Practical Network Acceleration with Tiny Sets
This addresses the practical need for efficient network acceleration under data privacy constraints, offering a novel approach with broad applicability.
The paper tackles network acceleration with limited training data by proposing block dropping as a superior method over filter-level pruning, achieving a 7% average improvement on ImageNet-1k for 22% latency reduction.

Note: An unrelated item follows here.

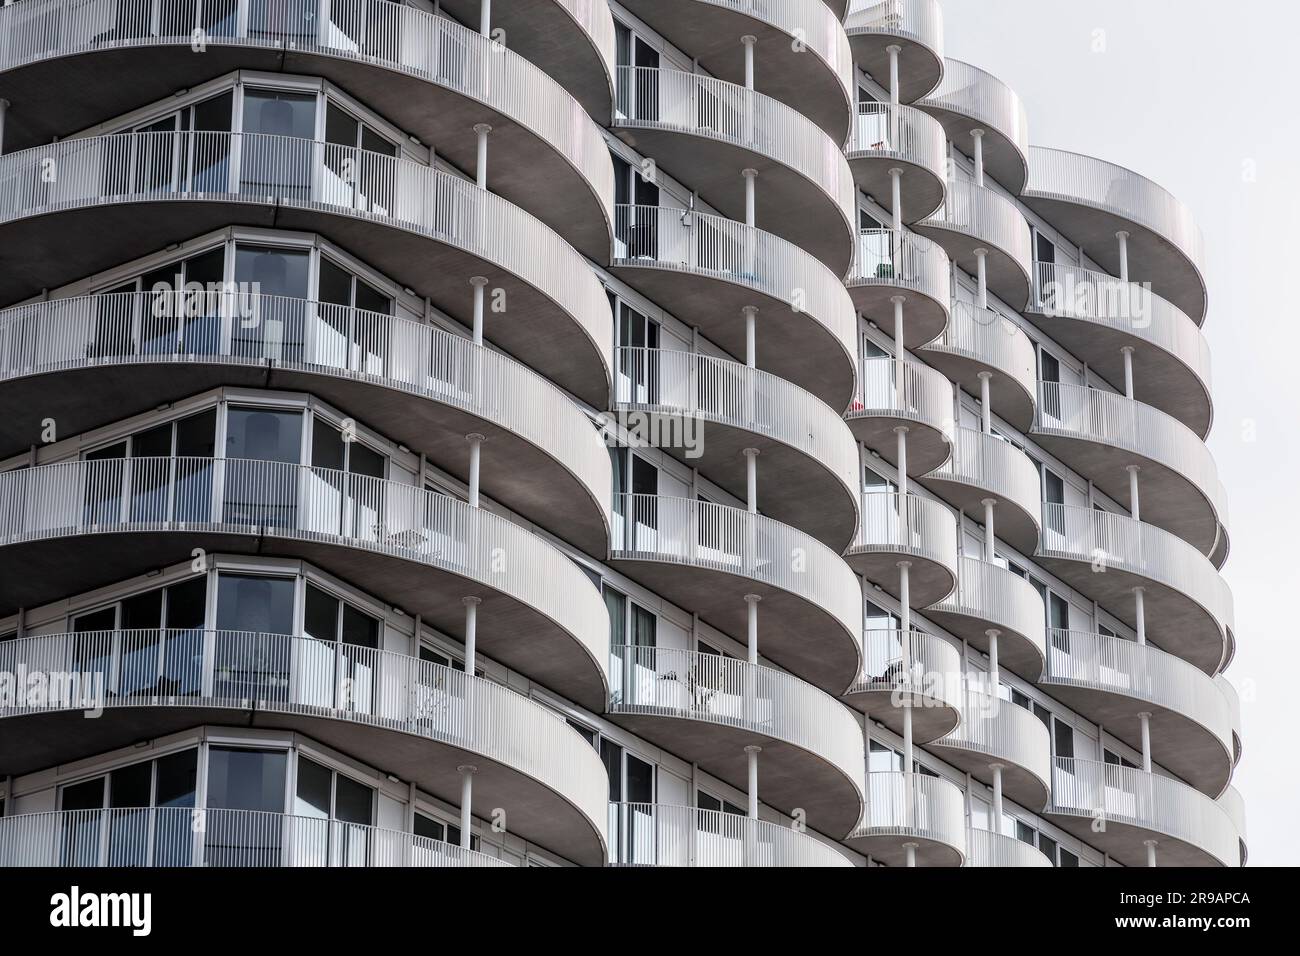 Modernes Wohnungsgebäude mit halbrunden Balkonen, kreative Architektur in Rotterdam, NL. Stockfoto

Due to data privacy issues, accelerating networks with tiny training sets has become a critical need in practice. Previous methods mainly adopt filter-level pruning to accelerate networks with scarce training samples. In this paper, we reveal that dropping blocks is a fundamentally superior approach in this scenario. It enjoys a higher acceleration ratio and results in a better latency-accuracy performance under the few-shot setting. To choose which blocks to drop, we propose a new concept namely recoverability to measure the difficulty of recovering the compressed network. Our recoverability is efficient and effective for choosing which blocks to drop. Finally, we propose an algorithm named PRACTISE to accelerate networks using only tiny sets of training images. PRACTISE outperforms previous methods by a significant margin. For 22% latency reduction, PRACTISE surpasses previous methods by on average 7% on ImageNet-1k. It also enjoys high generalization ability, working well under data-free or out-of-domain data settings, too. Our code is at https://github.com/DoctorKey/Practise.